Delegation aus Rheinsberg zu Gast in Ascheberg und Herbern
Ascheberg/Herbern. Eine Delegation aus der Partnerstadt Rheinsberg ist noch bis zum heutigen Mittag (19. April) in der Gemeinde Ascheberg zu Besuch. Im Mittelpunkt des Aufenthalts stand und steht der Austausch zwischen den Kommunen sowie das Kennenlernen lokaler Einrichtungen und des Gemeindelebens. Organisiert und begleitet wird das Programm maßgeblich von Heinz Reher und Ewald Gausepohl.

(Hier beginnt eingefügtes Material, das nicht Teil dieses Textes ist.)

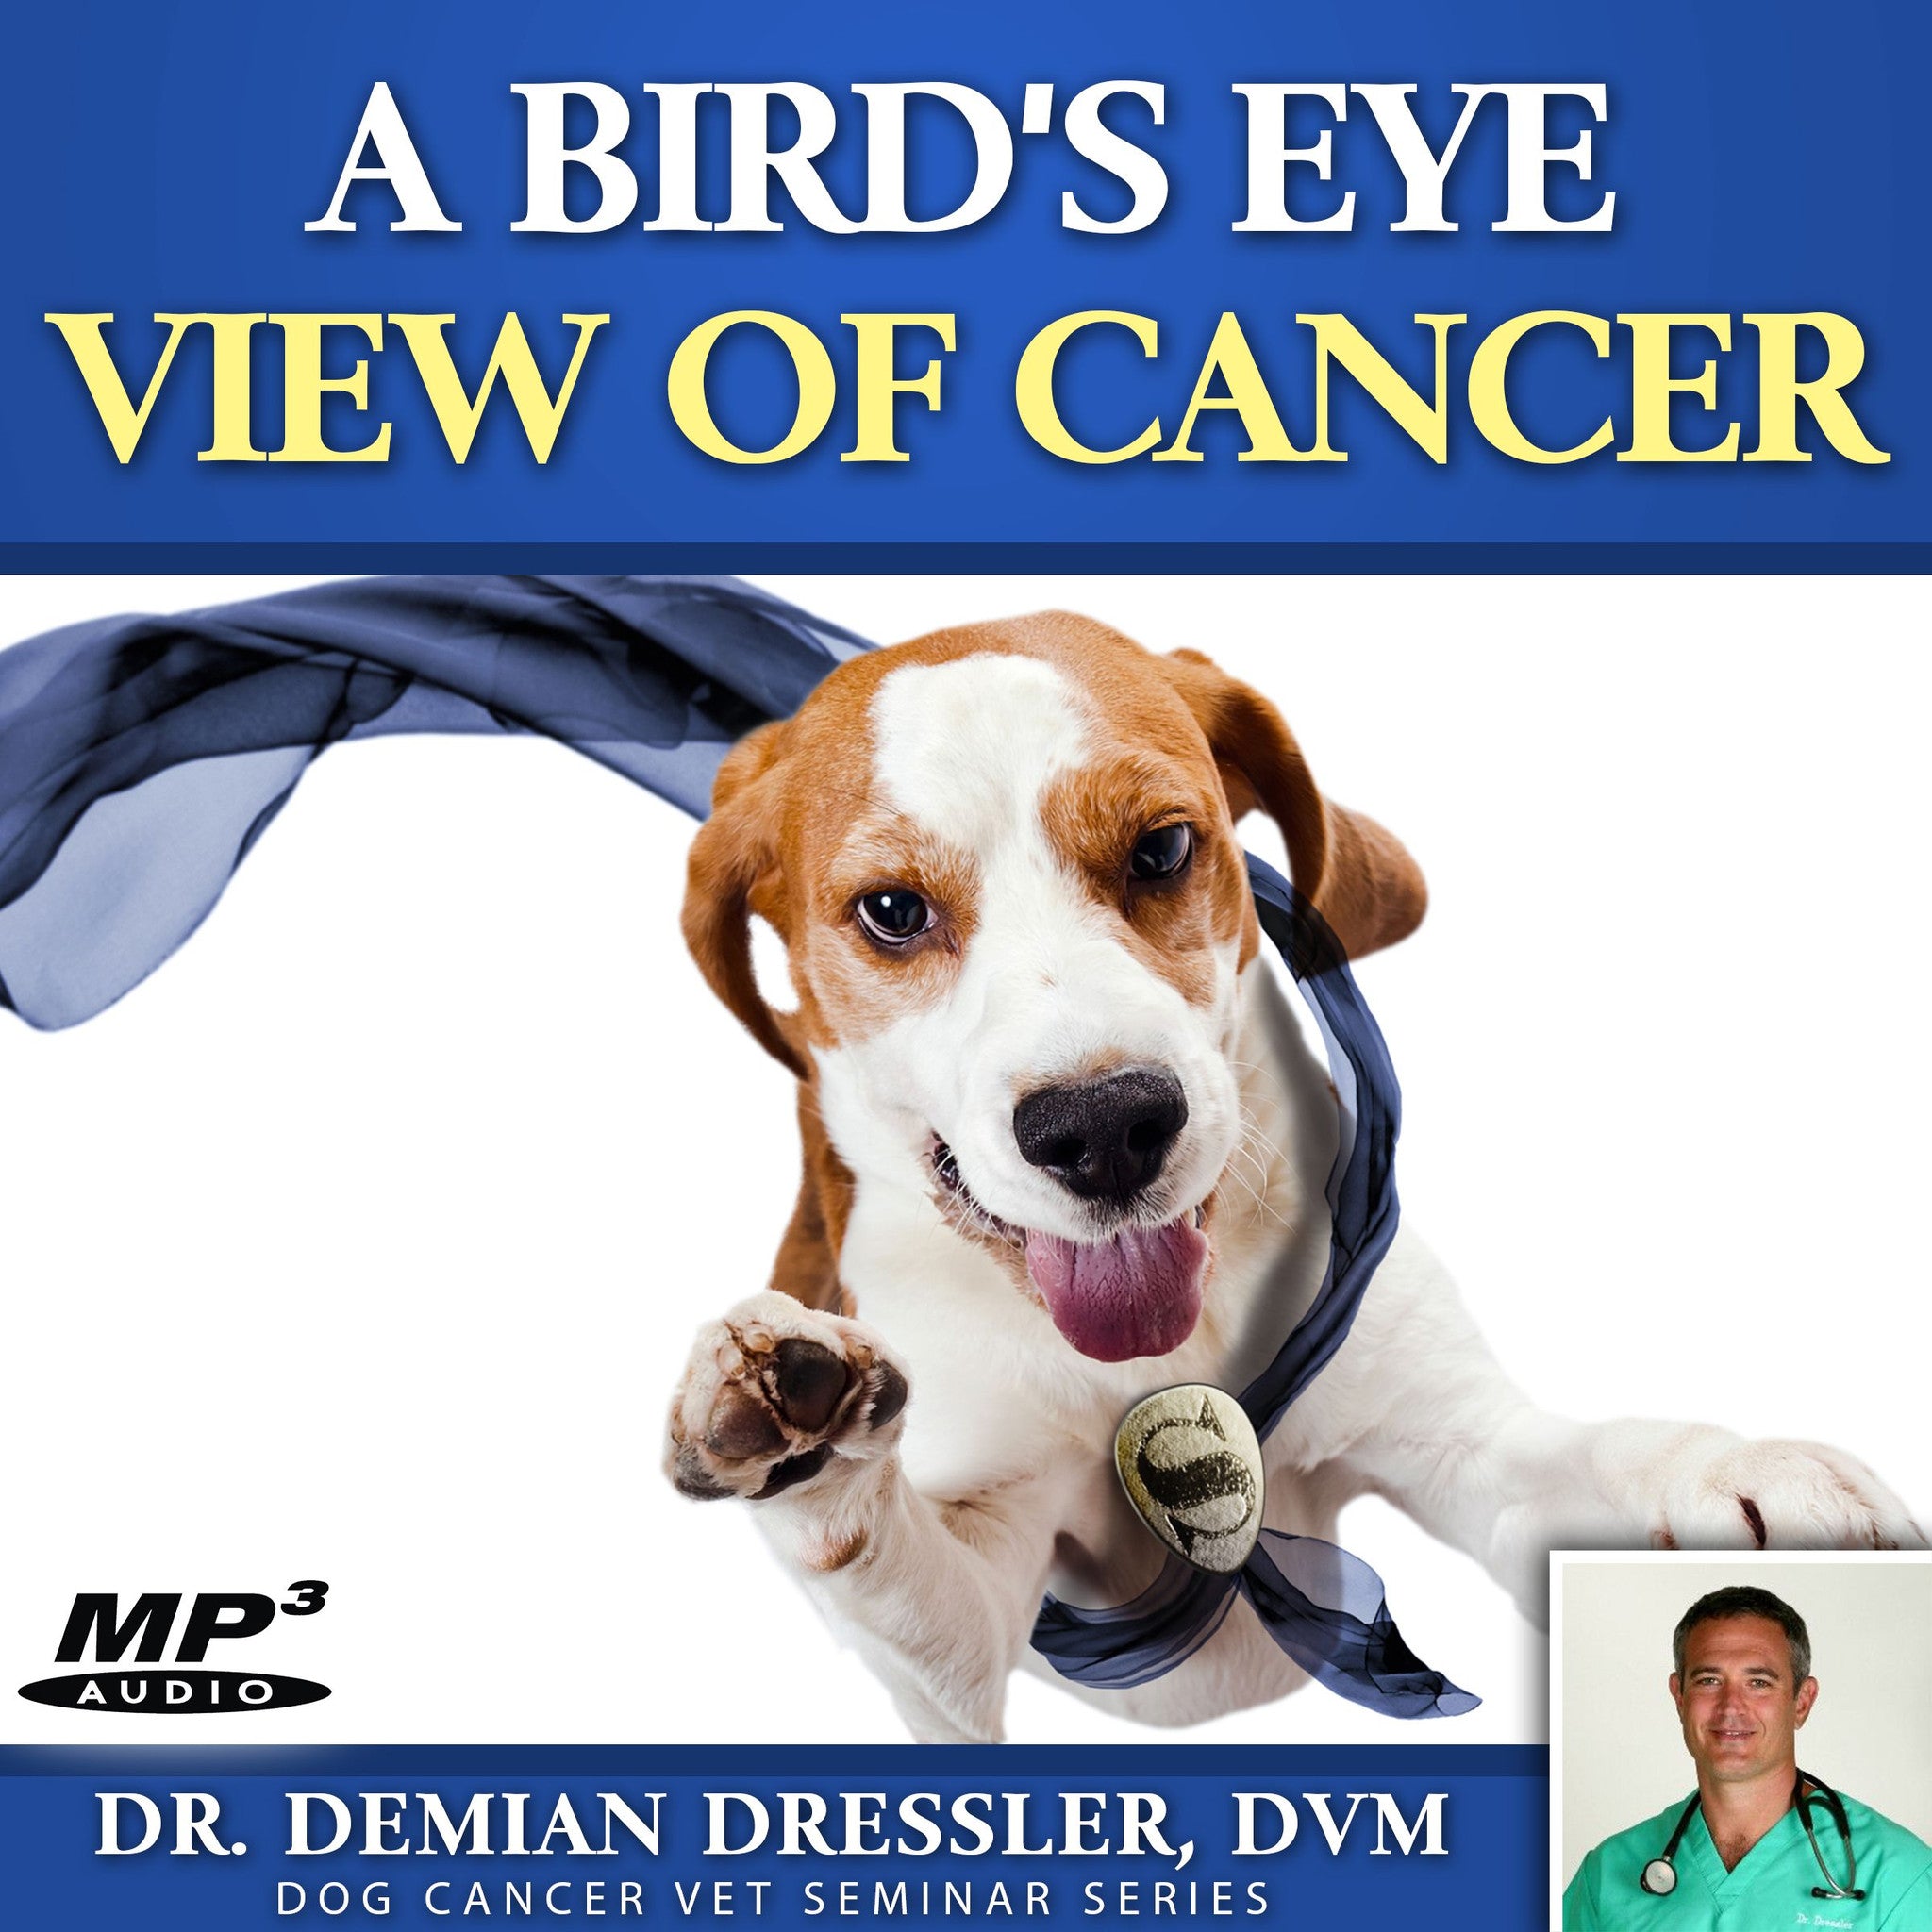 dr dressler dog cancer

Bereits am Freitag (17. April 2026) trafen die Gäste mit: Silke Peitsch und Joachim Tillner, Petra und Günter Steffens am späten Nachmittag in Herbern ein. Ein Begrüßungskomitee rund um Heinz und Annette Reher, Heinz Ringelkamp, Reinhard Hartwig und Ewald Gausepohl hieß die Delegation herzlich willkommen, bevor es zu einem ersten Dorfrundgang ging. Dabei erhielten die Rheinsberger Einblicke in zentrale Einrichtungen wie die Aula, ein Altenheim sowie die Sportanlage am Siepen mit Kunstrasenplatz. Den gelungenen Auftakt bildete ein geselliges Beisammensein mit Grillabend bei Familie Gausepohl.
Der Samstag (18. April 2026) stand ganz im Zeichen von Kultur und Austausch. Am Vormittag besichtigte die Gruppe den Kirchturm der St. Lambertus Kirche unter fachkundiger Führung. Im Anschluss folgte ein Treffen mit Vertretern des Marketings der Gemeinde sowie ein gemeinsamer Rundgang durch Ascheberg.
Am Nachmittag wurde das Programm kurzfristig erweitert: Die Gäste erhielten bei der Feuerwehr in Herbern Einblicke in die Arbeit der Einsatzkräfte – verbunden mit einem gemeinsamen Kaffeetrinken. Der Tag klang am Abend bei einem gemeinsamen Essen im Gasthof Deitermann aus.
Am heutigen Sonntag (19. April 2026) bildet ein besonderes Highlight den Abschluss des Besuchs: eine Führung durch das Schloss Westerwinkel, bei der die Rheinsberger die historischen Innenräume kennenlernen dürfen. Geführt werden die Gäste persönlich vom Grafen von Merveldt.
Der Besuch unterstreicht einmal mehr die lebendige Städtepartnerschaft zwischen Rheinsberg und Ascheberg. Neben offiziellen Programmpunkten standen vor allem persönliche Begegnungen und der freundschaftliche Austausch im Vordergrund. Das sind beste Voraussetzungen für eine weiterhin enge Verbindung zwischen beiden Kommunen.
Die Delegation aus Rheinsberg war am Freitag auch zu einer Stippvisite bei den Herberner Lokalnachrichten zu Gast.